Expert: Paul Klarreich - 6/22/2006

Question
I am really confused about how to do the following problem:

PLEASE HELP!
Analyze the function f(x) = x / (x^2 ? 4) as if you
were going to graph it.  
*What are all of the x and y intercepts?
*Compute and simplify the 1st and 2nd derivative.  
*Describe the vertical and horizontal asymptotes.  
*Where is the function increasing and decreasing?
*Where is it concave up and concave down?
*Find all critical points (what kind are they)
*What are the inflection points?


Answer
Hi, Todd,

Subject:  Calculus - function analyzation...
Question:  I am really confused about how to do the following problem:

PLEASE HELP!
Analyze the function f(x) = x / (x^2 ? 4) as if you
were going to graph it.  
*What are all of the x and y intercepts?
*Compute and simplify the 1st and 2nd derivative.  
*Describe the vertical and horizontal asymptotes.  
*Where is the function increasing and decreasing?
*Where is it concave up and concave down?
*Find all critical points (what kind are they)
*What are the inflection points?
-----------------------------------
I am not sure about two things:
A) Do you just want an answer, or do you need to know what all those things are?
B) What's in between the x^2 and the 4?  Looks like a question mark.

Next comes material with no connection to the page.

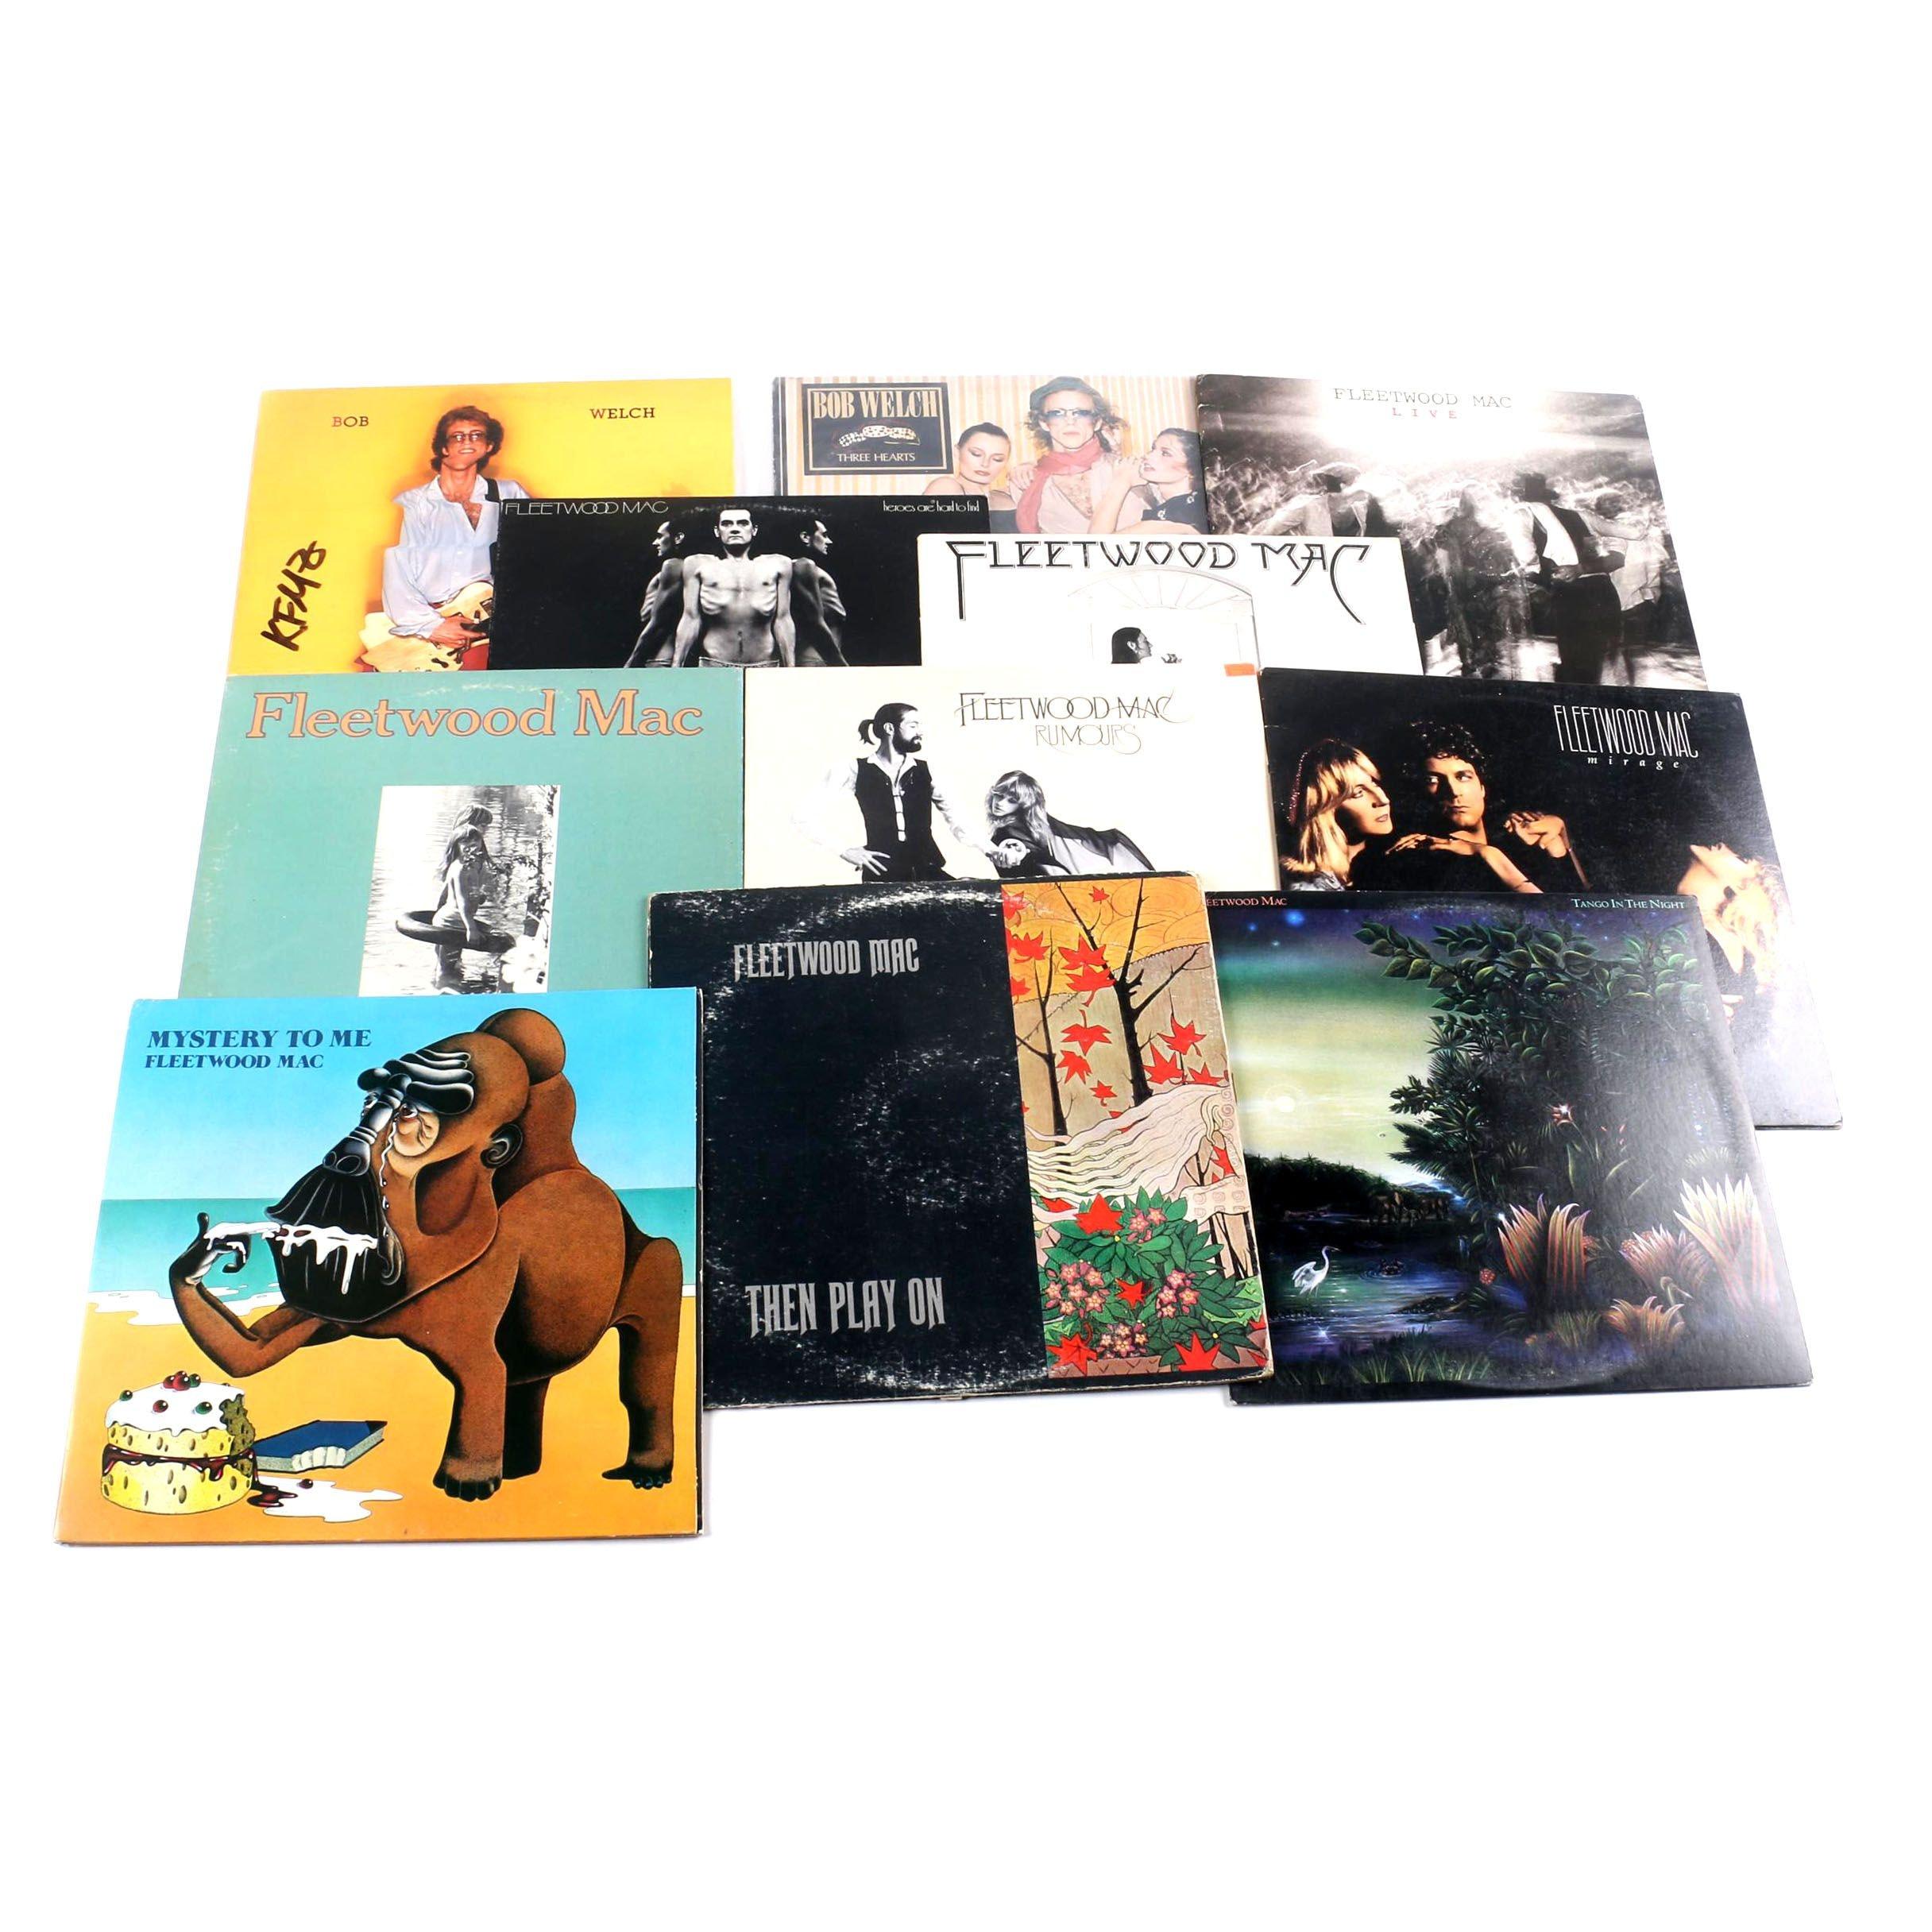 Fleetwood Mac and Bob Welch LPs

I will assume the answer to A is: You need to know what this is all about.  And the answer to B is 'minus'

This problem really says: Sketch the graph of ....

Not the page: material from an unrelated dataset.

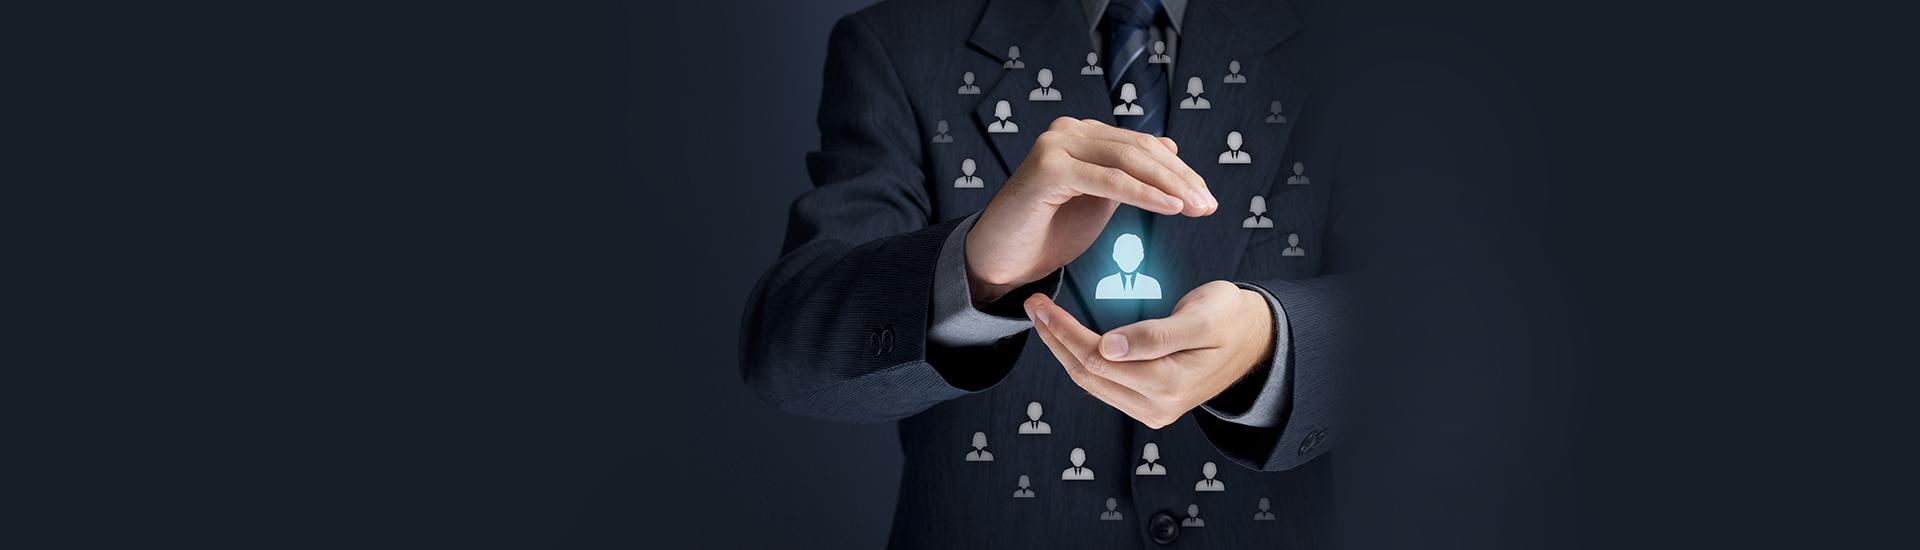 xlri-strategic-performance-management-human-resources

The term 'sketch' means to locate and mark the important features of the graph and then sketch in a figure that is consistent with all those features.  What are these important features?  Your list tells you what they are.  How do you compute them?  Here goes:

*What are all of the x and y intercepts?

Get your x-intercepts by setting f(x) = 0 and solving.  Remember that with any fraction, the answer is zero when the top is zero.  In this case, x = 0 is the intercept, so you will make sure the graph passes through the origin.

Get your y-int's by setting x = 0 and computing y.  In this case, it's y=0, or the origin again.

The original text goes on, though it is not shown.